Brief:
From the records below, print only the part that opens with the line containing "ironworks-hotel-weddings-beloit-wi.jpg" and closes with the line containing "telsiz güvenlik kamera kurulum şeması"; omit the pictures.

Given records:
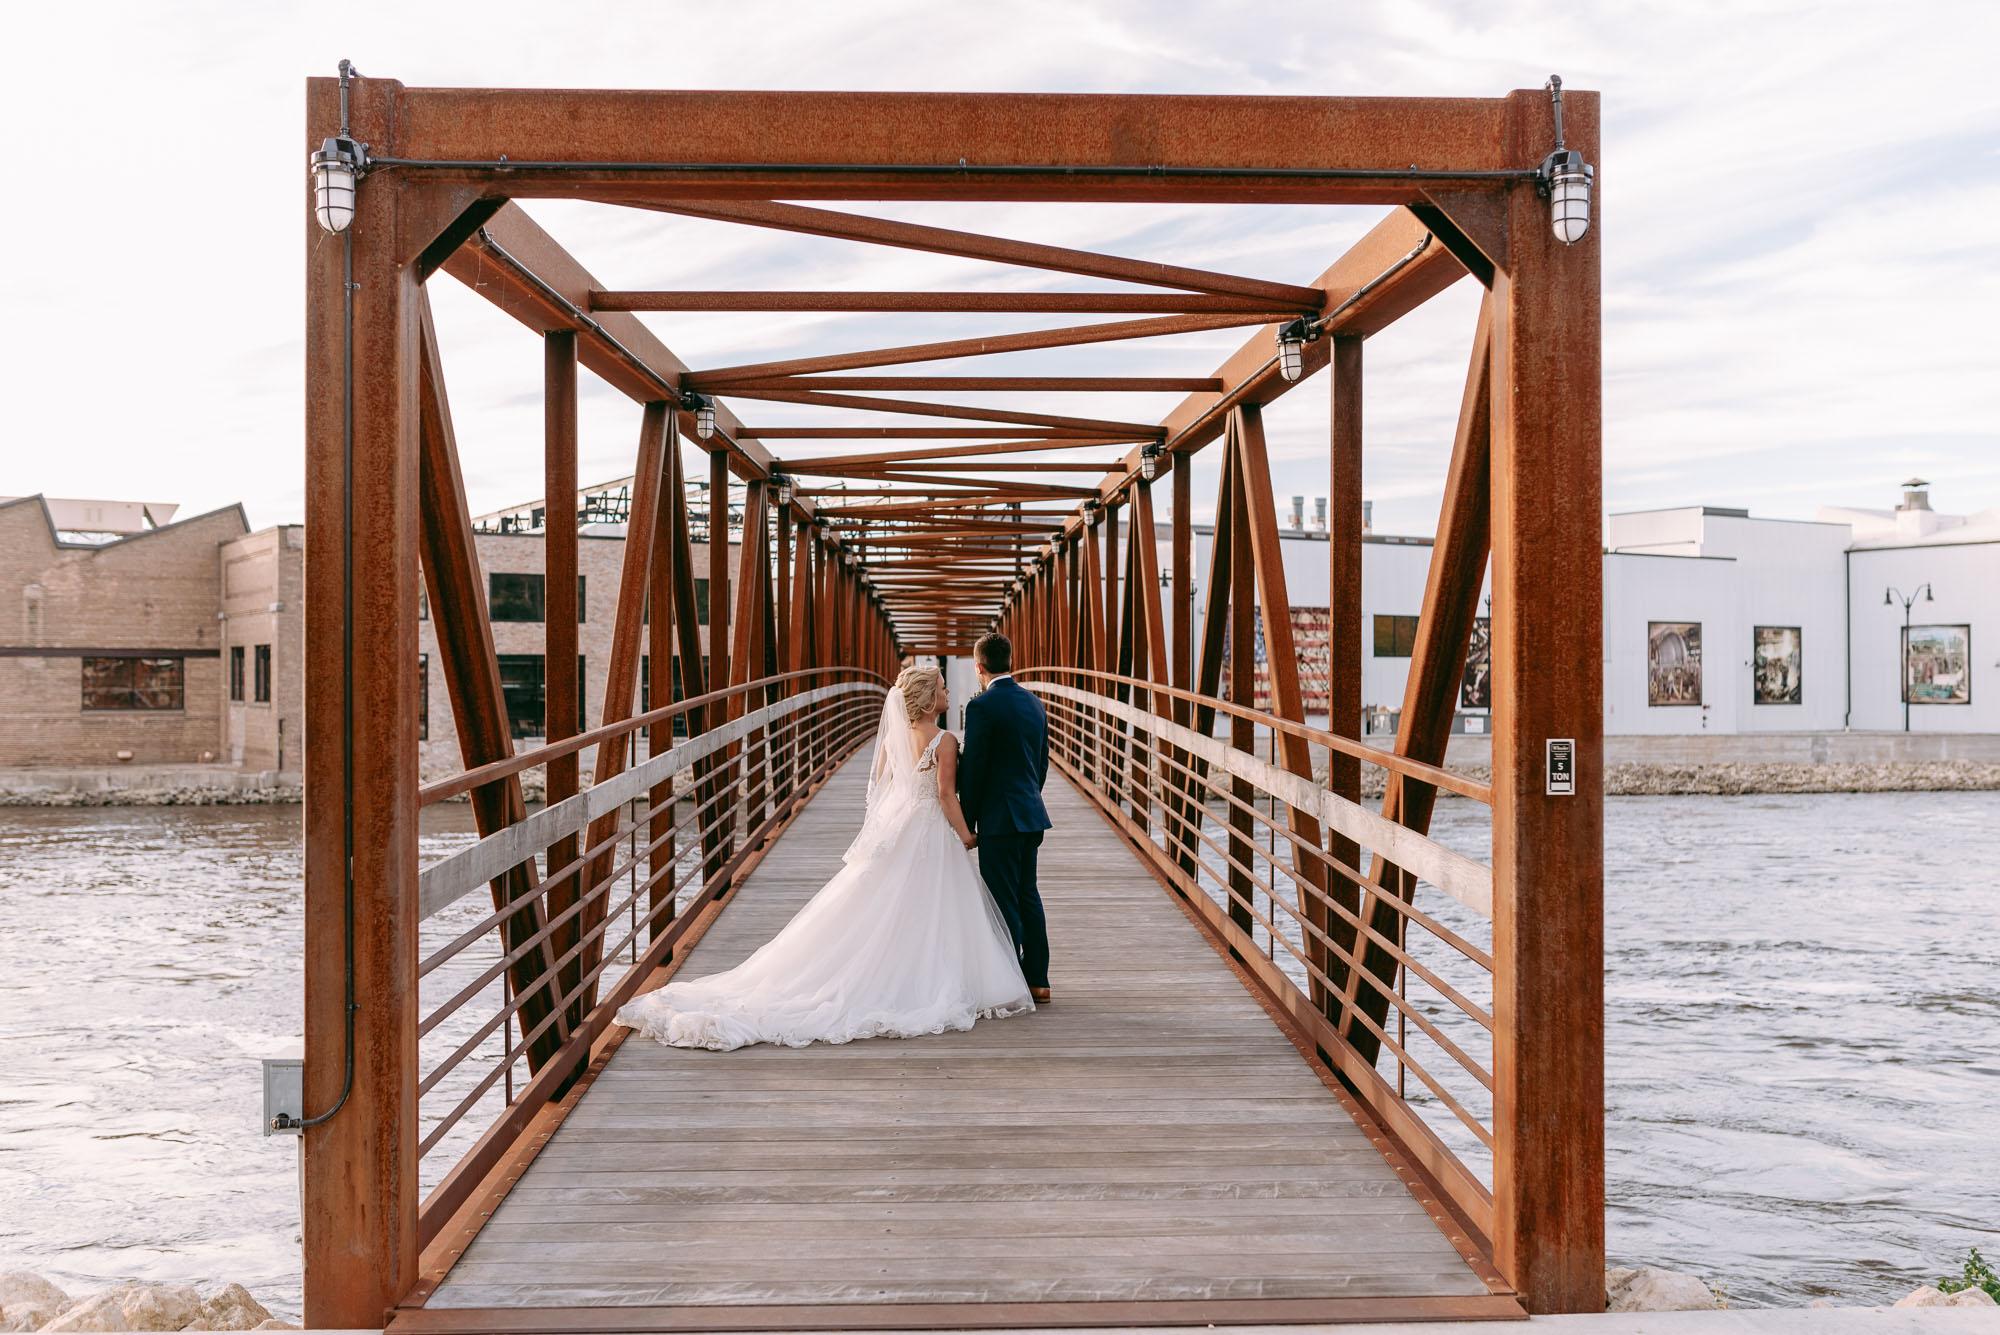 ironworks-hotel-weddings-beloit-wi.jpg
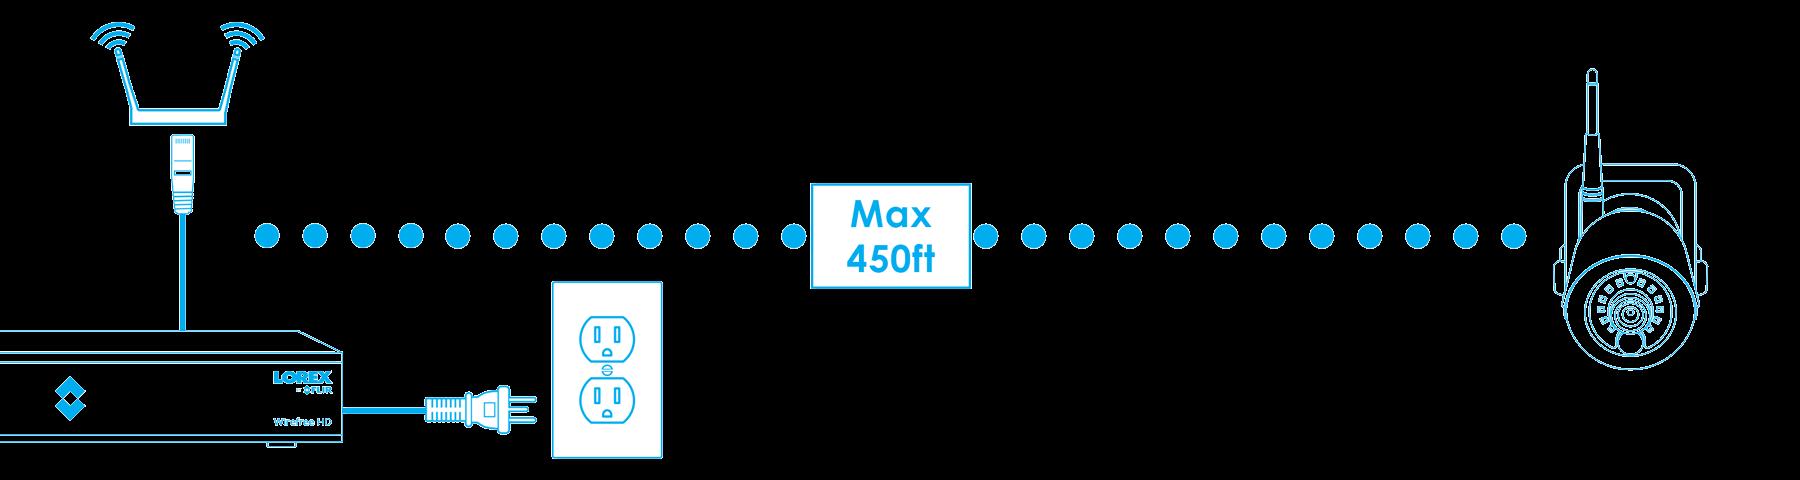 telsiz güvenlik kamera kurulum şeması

---

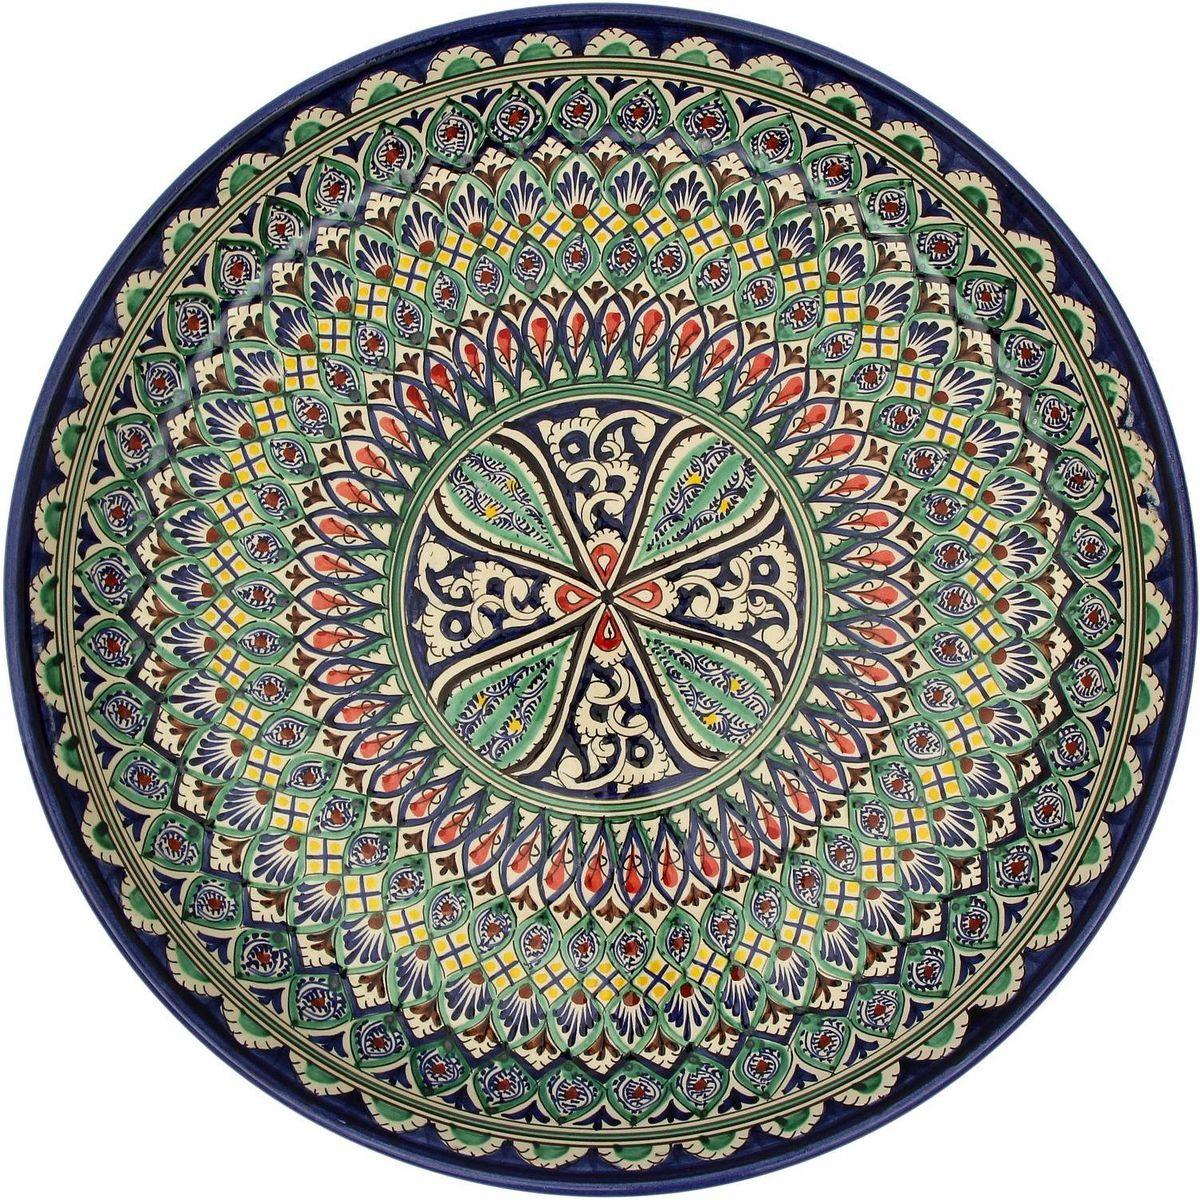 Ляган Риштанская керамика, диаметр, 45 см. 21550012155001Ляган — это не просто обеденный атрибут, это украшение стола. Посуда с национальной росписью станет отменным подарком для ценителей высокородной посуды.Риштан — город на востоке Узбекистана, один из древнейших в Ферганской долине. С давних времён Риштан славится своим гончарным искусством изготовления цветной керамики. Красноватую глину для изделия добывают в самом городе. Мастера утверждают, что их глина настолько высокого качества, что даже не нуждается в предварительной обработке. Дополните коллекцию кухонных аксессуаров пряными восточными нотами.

Written solution:
 ironworks-hotel-weddings-beloit-wi.jpg
 telsiz güvenlik kamera kurulum şeması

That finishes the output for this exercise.